Israel: Women Protest Against Domestic Violence
Now everyone is aware: the lockdown, which aims to reverse epidemic growth, has taken a toll on women worldwide. In Israel, the blow was especially painful. Each year, about 20 women are murdered in the tiny country of 9 million residents due to so-called "domestic violence", which is in fact violence against women.
Usually, the murderers are the partners, and sometimes also the fathers and brothers. This year, 12 women were murdered in just five months, nine of them since the lockdown began. In response to that, women's protests and rallies broke out. These demonstrations are a tradition in Israel and sometimes occur immediately after a new victim loses her life. This time, too, the women took advantage of the right to demonstrate, among the few freedoms that remained under the lockdown conditions. The protesters were holding signs, pouring red paint on the road, and shouting. In one of them, the activists projected the victims' names on the walls of the government building.

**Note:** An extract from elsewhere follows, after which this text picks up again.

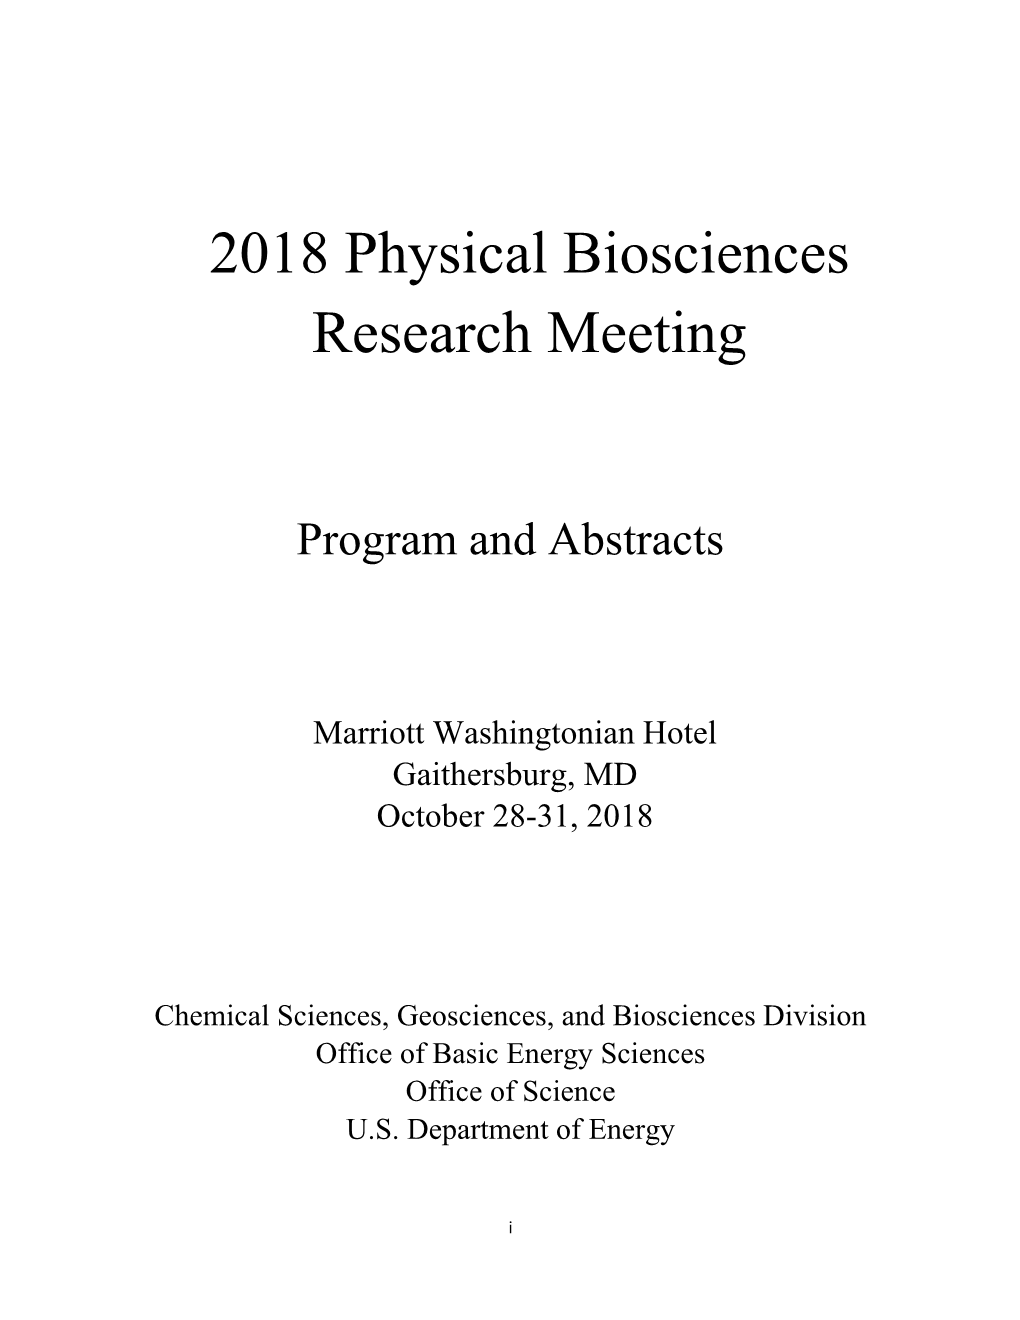 2018 Physical Biosciences Research Meeting

It is clear to all of us that the danger of violence increased during the lockdown, but it is also clear that COVID -19 did not create a new phenomenon. Violence has always been there, and its causes are deeply rooted in the ills of society. Here are three of them:
Lack of budget. The program to combat violence against women was budgeted many years ago, but the budget has not passed. Thus, NIS 20 million (approximately £ 4,600,000) allocated in early 2019 to the National Program to Combat Domestic Violence against Women did not eventually reach the Ministry of Welfare.
Lack of prison rehabilitation programs for violent men. Dr Karen Guetta, a clinical criminologist and lecturer at Bar Ilan University who worked with the prisoner rehabilitation authority, sees this as a significant danger. In Israel, a man who beat his wife for years might receive a relatively minor penalty if he has not been convicted of any prior offences. In many cases, and the absence of a duty of psychological treatment in Israeli prisons, he will eventually be released from jail and return home. Even if he is still a danger to his wife, he will not yet be examined. "In the jail, he internalizes all the codes of survival through violence, which increases his perception of his victimhood," says Dr Guetta. "This man does not sit in his cell and say 'Oh my gosh, I will stop being violent to my spouse.' On the contrary, he is even angrier with her because he is in prison, which makes him a more dangerous person. Such a man gets out of jail like a lion that is released from the cage." Indeed, two out of 12 murderers this year were recently released from prisons, serving their sentences for violent offences against the same wife they murdered.
Lack of access to resources. Women lack both financial and social capital, making it more difficult for them to escape violence. Of the 12 women killed this year, nine belonged to marginalized minority groups: Arabs and immigrants. The indifferent voices cling to this fact to claim that the problem is insignificant. "We have violent minority groups," they say, "those people should solve their cultural problem. Israeli society is not violent towards women as a whole”. However, these women's murders may have more economic reasons than cultural ones. Arab and migrant women are poorer and have no parents with a spacious apartment to escape from a violent spouse. One of the murders, Tatiana Chaikin, a 50-year-old immigrant, had no family at all in the country. When her criminal husband was released from prison, the mayor called her and asked her whether she was all right. He did not ask whether Tatiana needed public housing to stay away from her offender spouse. A short time later, the ex-prisoner murdered his wife. Another woman, a 19-year-old Zamzam Mahamid, suffered from severe domestic violence as a child. Two years ago, she escaped her family and moved to another city. Following the Corona crisis, the teenager lost her livelihood and agreed to return to her parents' home. She was murdered in a targeted shooting from a passing vehicle.
Is there hope for change in this bloodbath? Meanwhile, the wave of protests has been partially successful: the governmental budget, which has been delayed for two years, has finally been transferred to the Ministry of Social Affairs. “The Women's Lobby”, one of the most significant feminist organizations in Israel, said: "We are happy about this important step, for so many women and children who live in the shadow of daily and difficult violence. But while government offices are playing a monopoly, women are murdered here [....] The government has to ensure that these funds are used to save lives. This is only a first step, and much greater resources are required, as well as a clear commitment to the direct action. At least NIS 100 million budget must be earmarked to promote the national program to combat violence against women."
On June 1st, the big women's march will be held in Tel Aviv. The parade, organized by twenty feminist organizations, seeks to convey the message that violence against women is unacceptable. Neither the heat nor the virus will stop us.